AIM OF THE EXERCISE – Reproduce every line below exactly as written; do not include the images.

INFORMATION SHOWN –
###
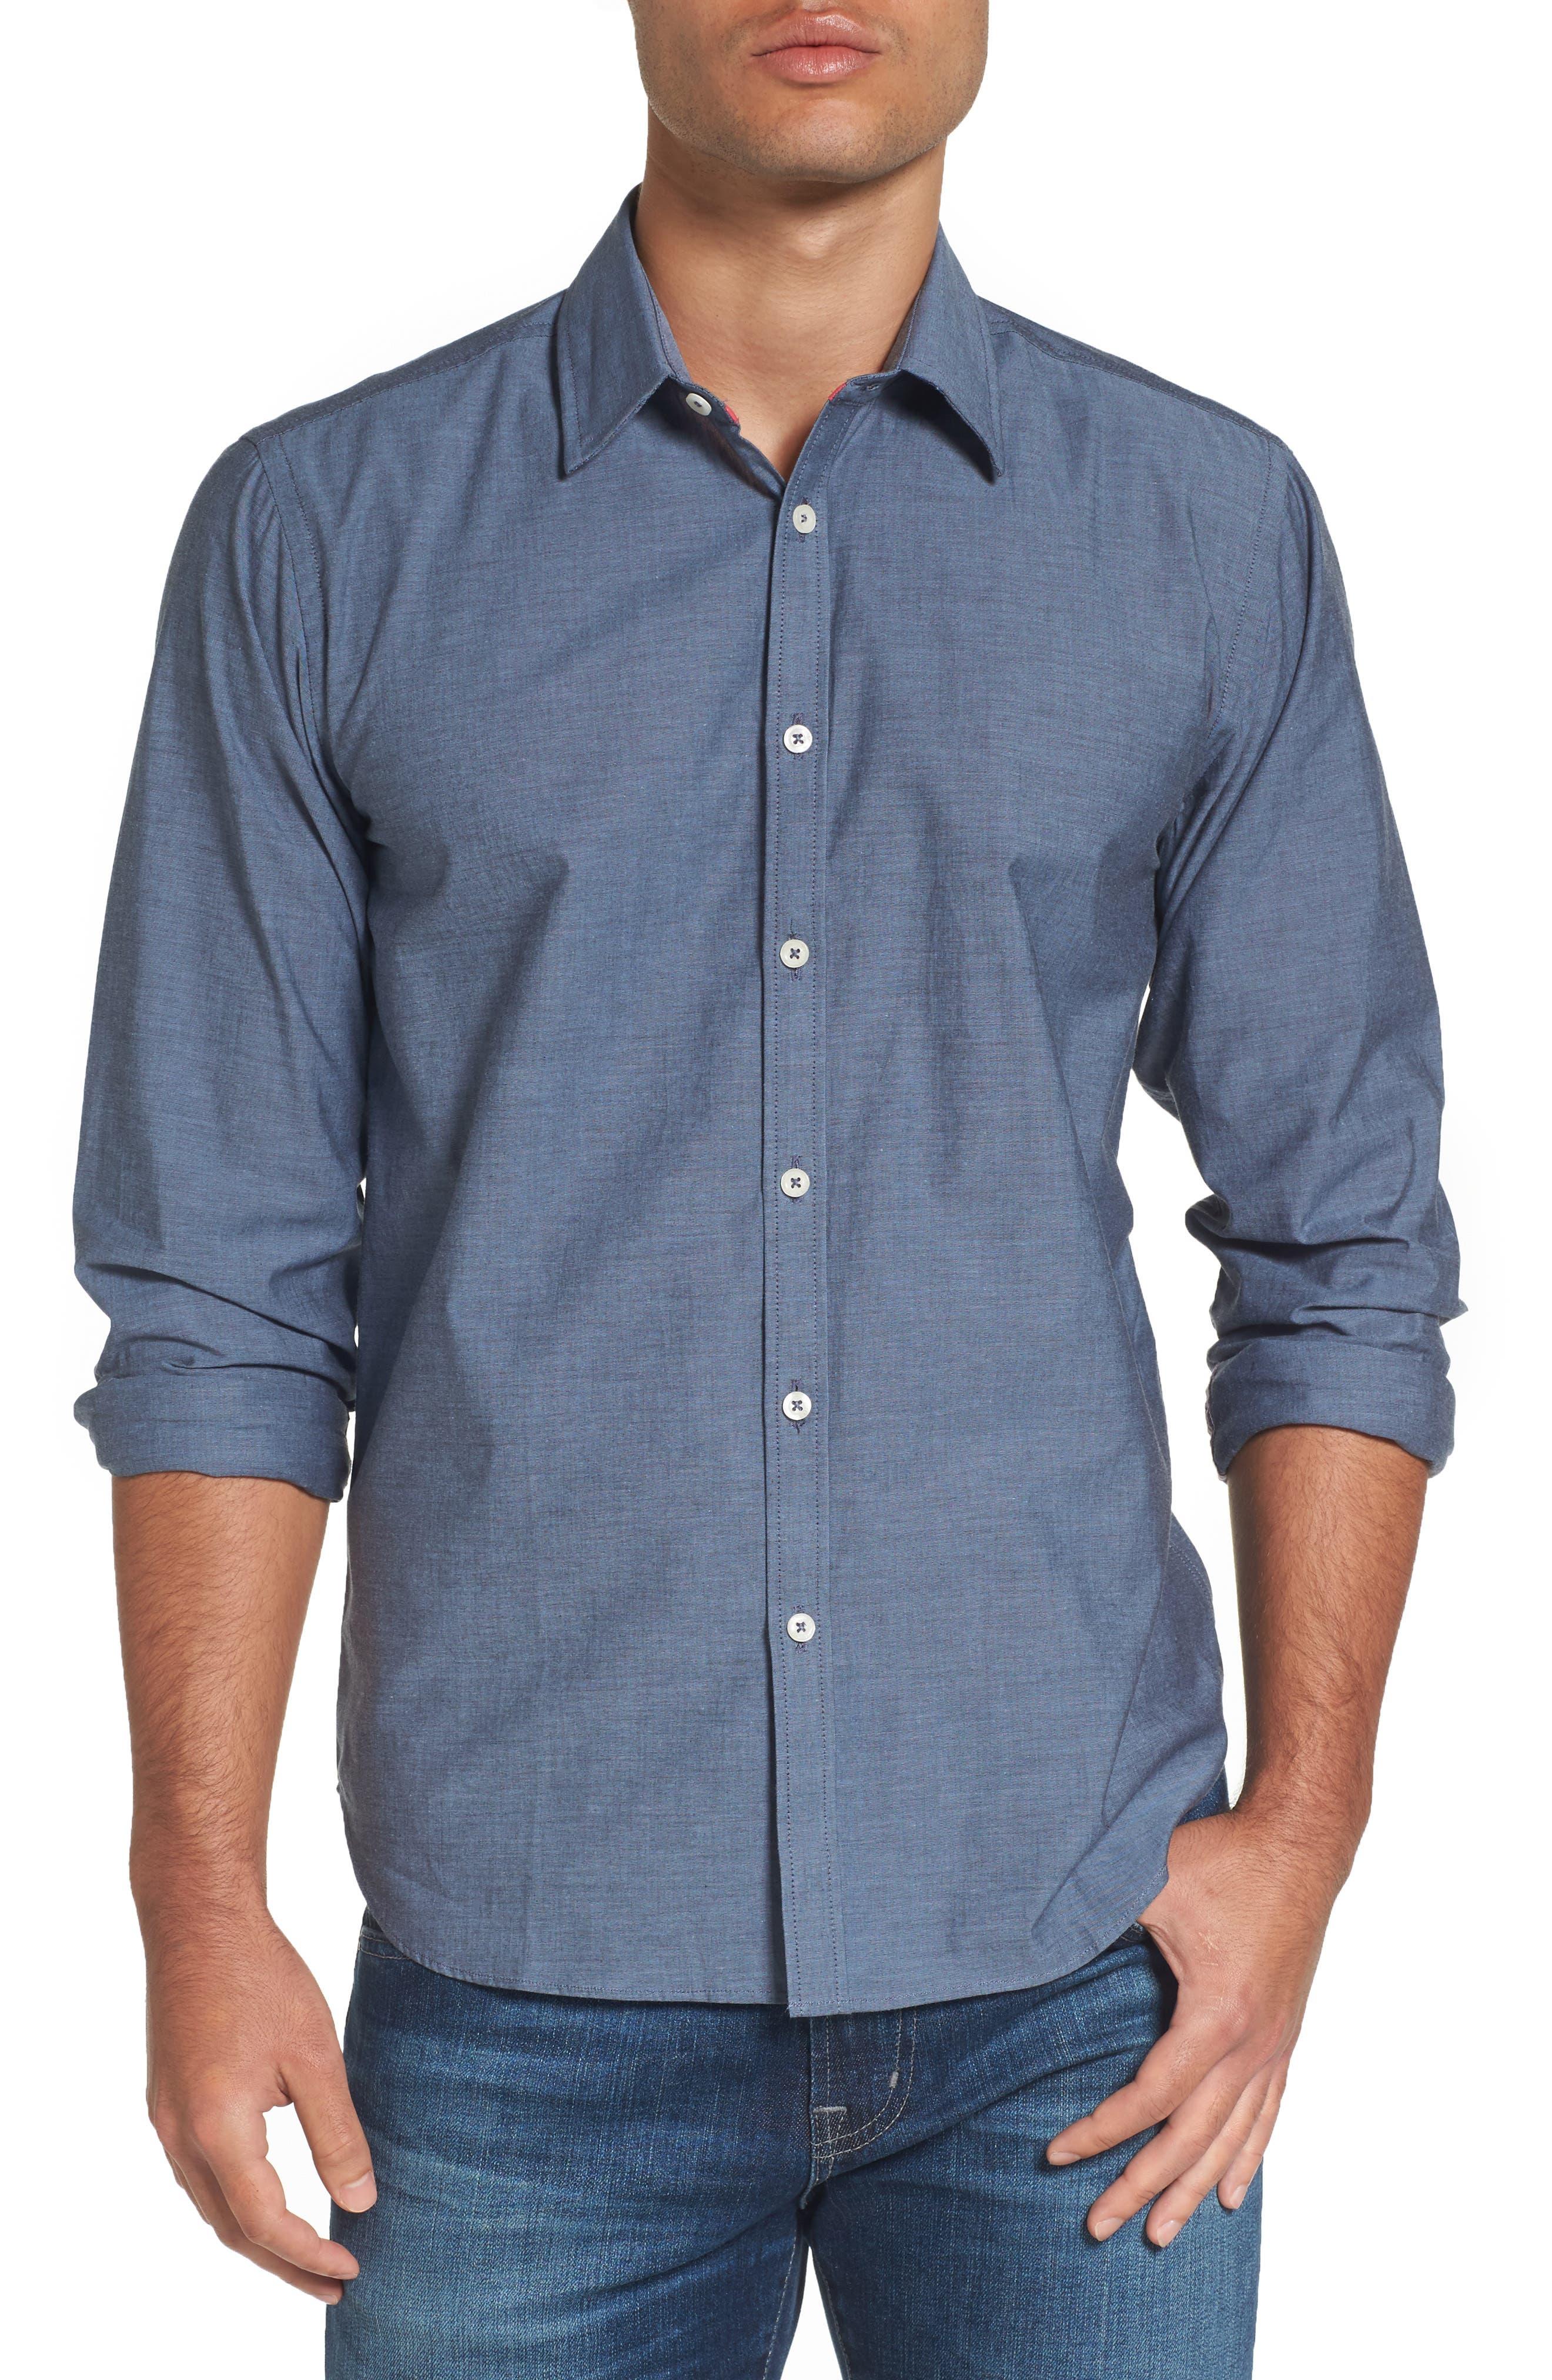 Jeremy Argyle Fitted Sport Shirt
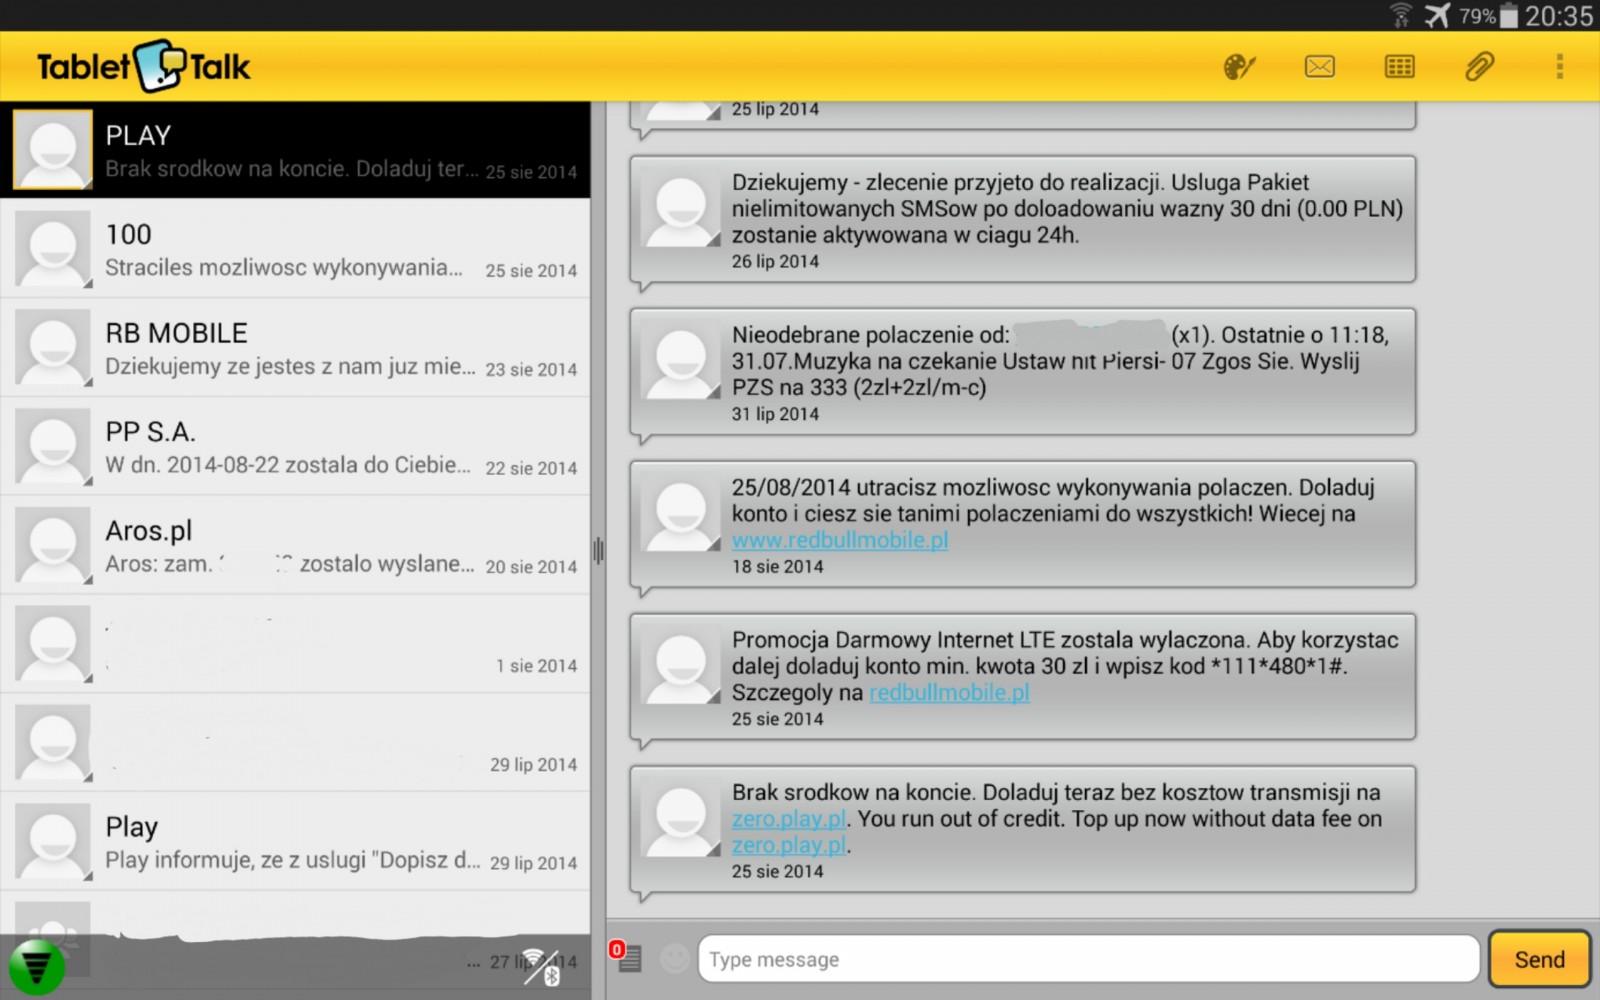 Tablet Talk - Klient / fot. galaktyczny.pl
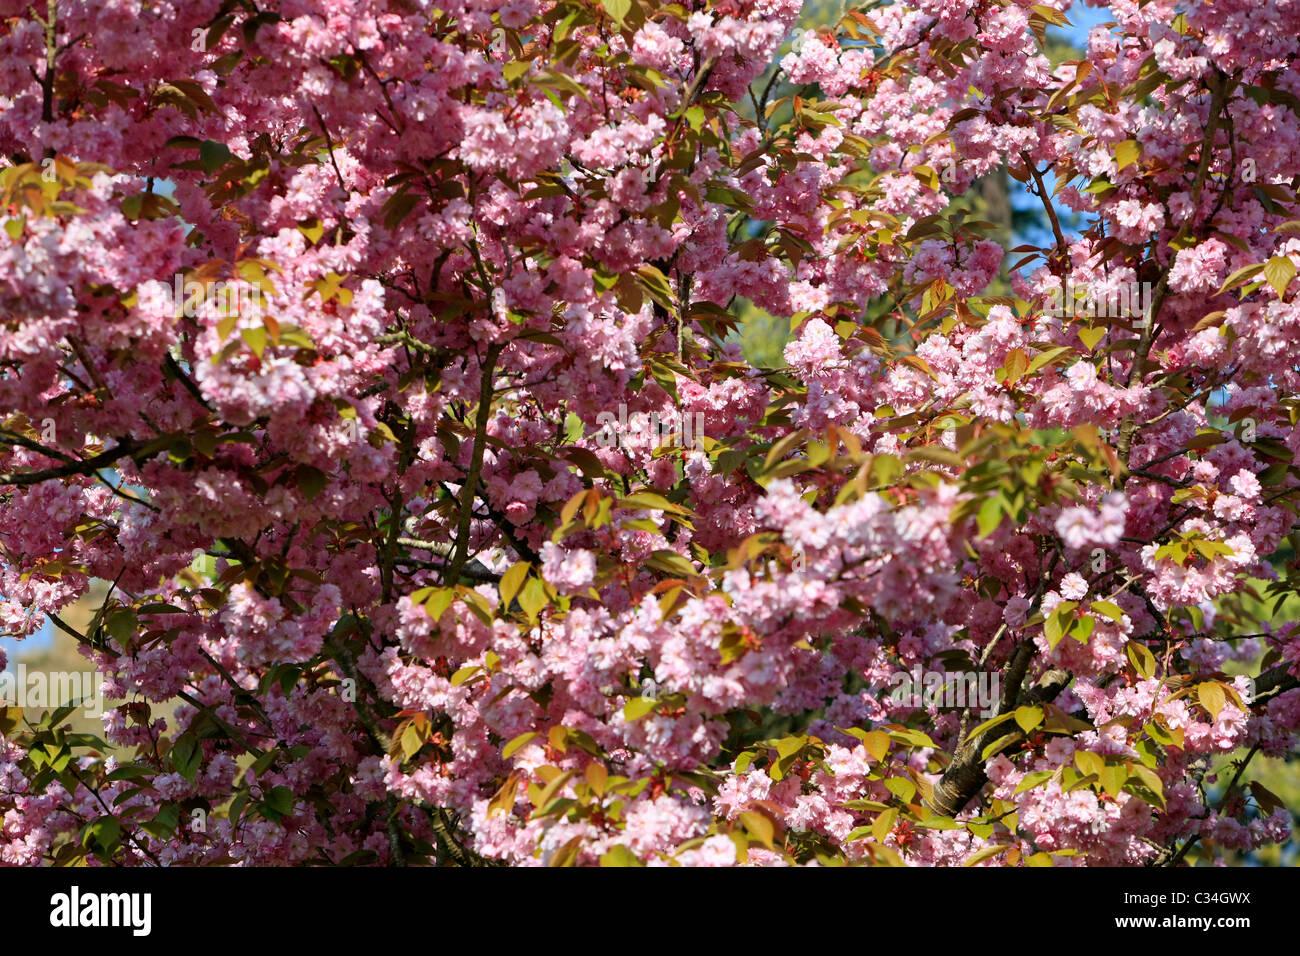 Pink Flowers Of The Ornamental Cherry Tree Stock Photo 36365782 Alamy
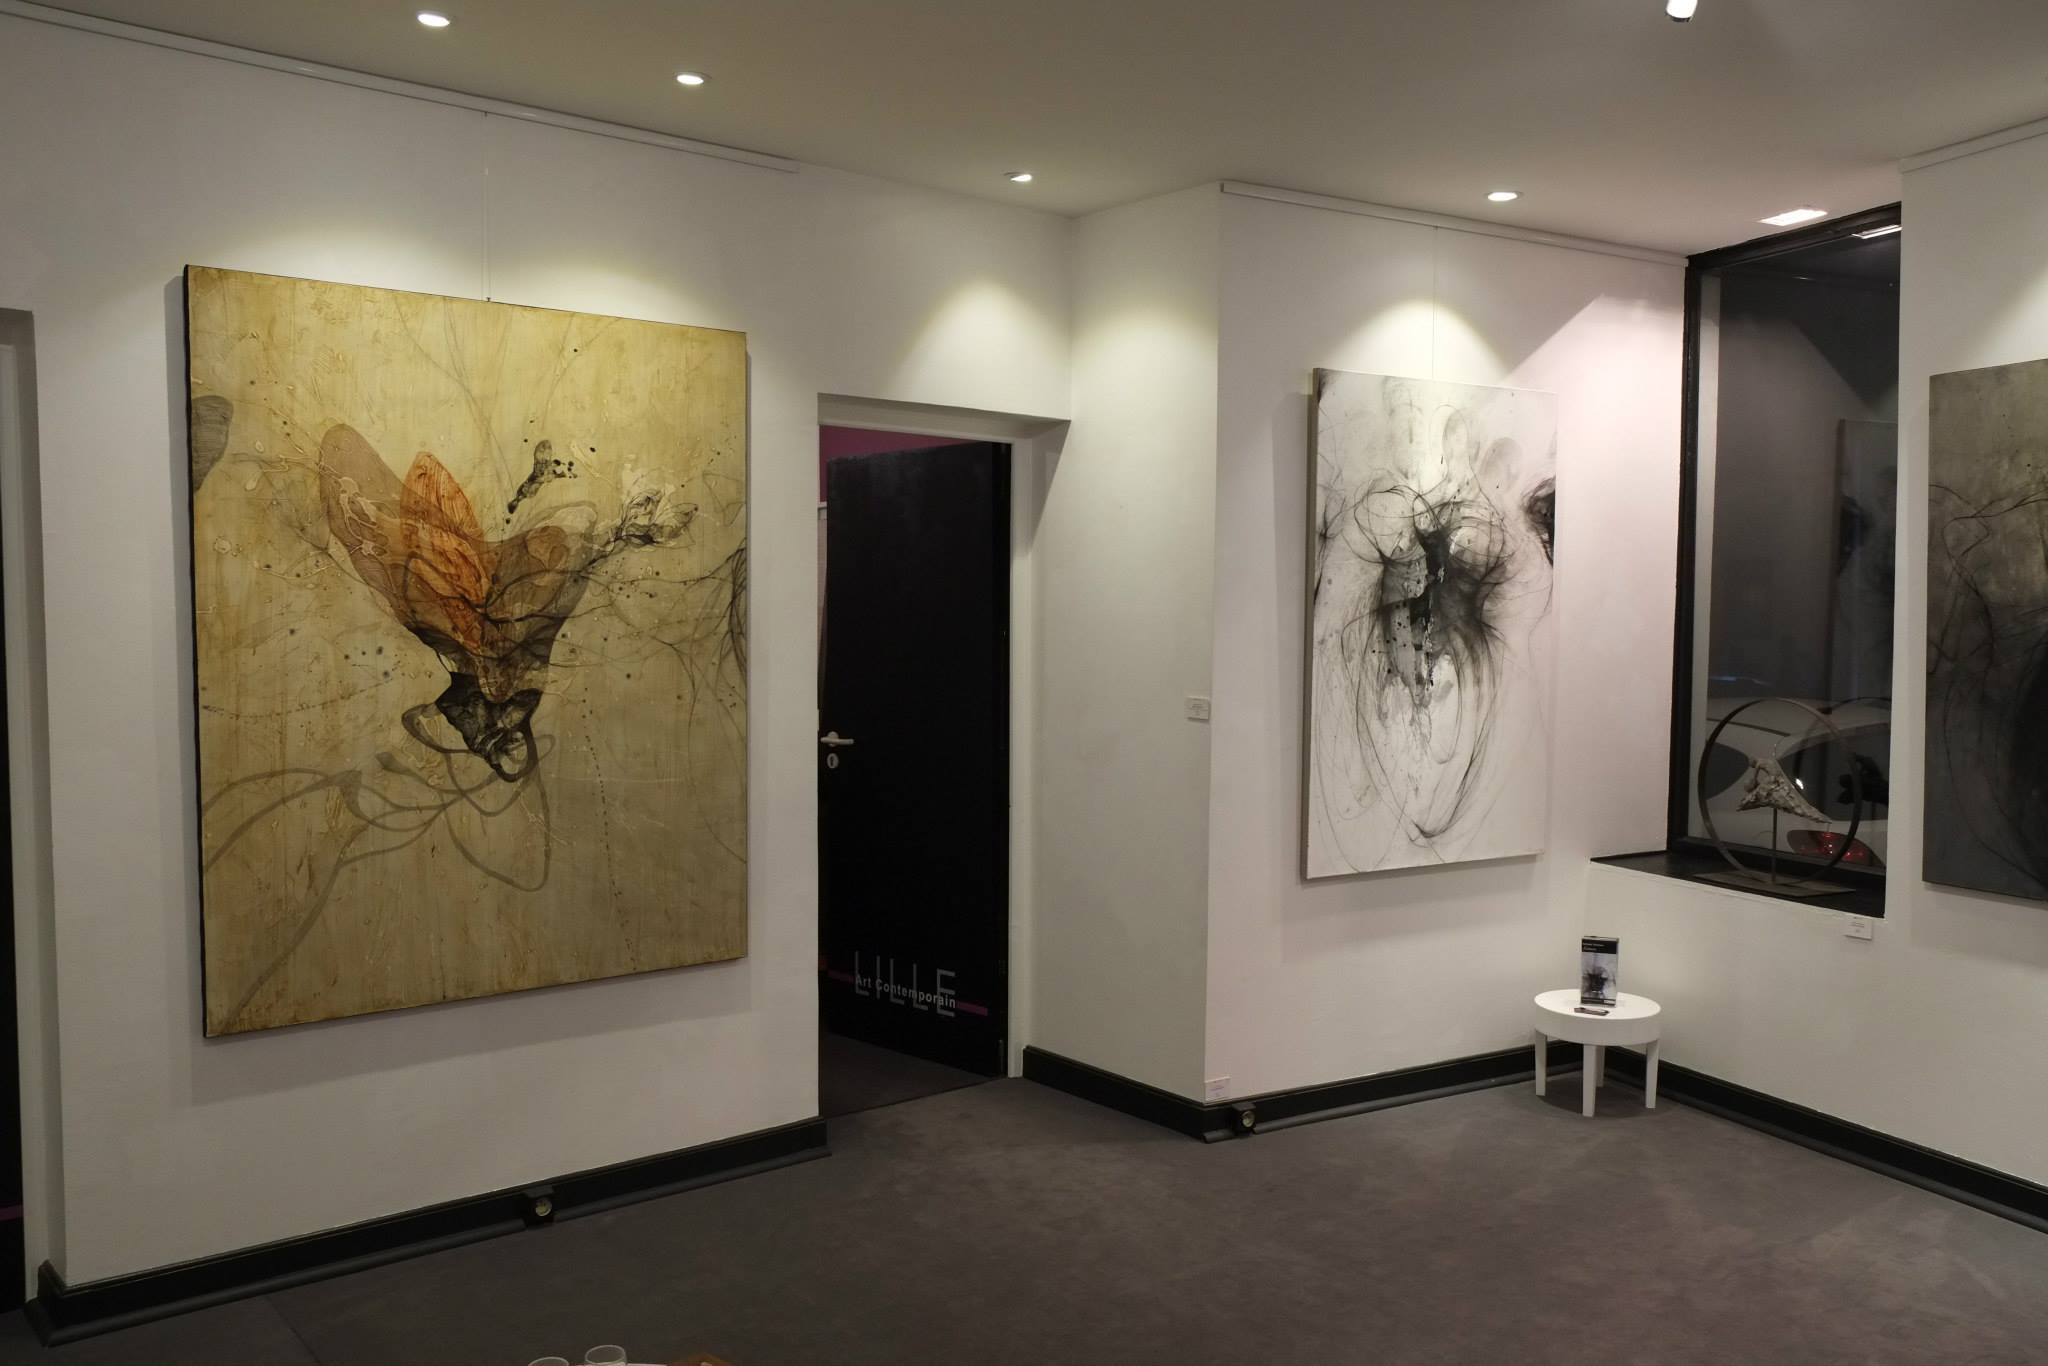 Nathalie DESHAIRS – Peintures expo Lille
###
SOLUTION –
 Jeremy Argyle Fitted Sport Shirt
 Tablet Talk - Klient / fot. galaktyczny.pl
 Pink Flowers Of The Ornamental Cherry Tree Stock Photo 36365782 Alamy
 Nathalie DESHAIRS – Peintures expo Lille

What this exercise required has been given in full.